3.5.8. Effect of surfactants and detergents

The effect of various laboratory and commercial detergents on protease activity was examined and reported in Table 6. Enzyme presented a small loss in activity in presence of Triton X-100 and Tween-80, while Tween-20 triggered activity upto 20%. A similar finding was reported by Zanphorlin et al. [35] on a serine protease obtained from Myceliophthora species. Hadder et al. [18] and Tremacoldi et al. [54] reported SDS to be a strong inhibitor of protease enzyme. However, there was only 30% loss of purified protease enzyme activity in presence of SDS. Also, the remarkable stability exhibited by the enzyme towards various commercial detergents demonstrates its compatibility as a potential bioadditive in detergent industries.

Table 6.

Effect of detergents and surfactants on protease activity at 1 and 5% concentration. The enzyme activity was taken as 100% in absence of any of these agents.

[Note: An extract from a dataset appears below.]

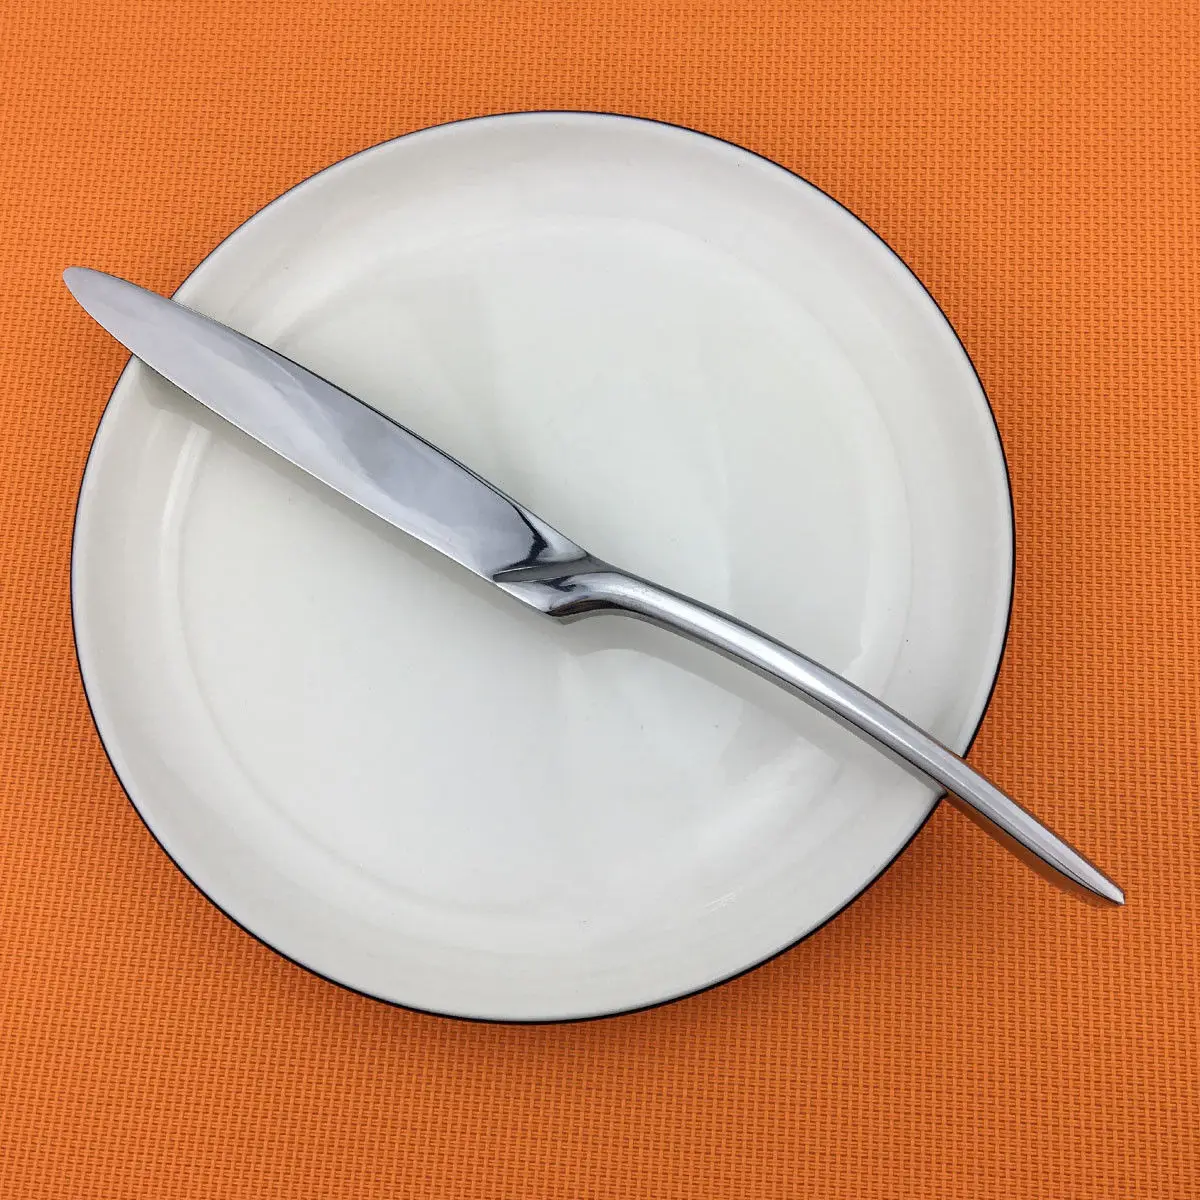 Sliver Shiny Mirror Dining Cutlery Set - Knife, Fork & Spoon Flatware

Surfactant/detergent	Relative activity (%)
	1%	5%
Control	100 ± 1.91	100 ± 2.21
Triton X-100	94 ± 2.12	82 ± 1.91
Tween-20	120 ± 2.60	103 ± 2.47
Tween-80	80 ± 1.84	86 ± 1.79
SDS	73 ± 1.77	51 ± 1.42
Surf Excel	84 ± 1.68	56 ± 1.64
Tide	79 ± 1.93	63 ± 2.91
Aerial	91 ± 1.99	76 ± 2.36
Wheel	85 ± 2.1	65 ± 1.78
Chameli	80 ± 1.87	66 ± 2.10
Ghadi	78 ± 1.56	107 ± 2.89

4. Conclusion

In the present study, a thiol-dependent serine protease was purified and characterised from Neocosmospora sp. N1. The enzyme has a high molecular weight of 198 kDa possessing multiple subunits. The novel characteristics of the enzyme like stability at high temperatures and wide pH range, lower K_m value, superior activity in presence of various organic solvents, detergents and surfactants pave a way for its utility in numerous commercial applications. The relative high molecular weight protease from unexplored fungal species Neocosmospora sp. N1 enlightens the path of finding novel proteases which can be exploited in industries.

Declarations

Author contribution statement

Fatema Matkawala, Sadhana Nighojkar, Anil Kumar, Anand Nighojkar: Conceived and designed the experiments; Performed the experiments; Analyzed and interpreted the data; Contributed reagents, materials, analysis tools or data; Wrote the paper.

Funding statement

This research did not receive any specific grant from funding agencies in the public, commercial, or not-for-profit sectors.

Competing interest statement

The authors declare no conflict of interest.

Additional information

Data associated with this study has been deposited at GenBank under the accession number MK417797.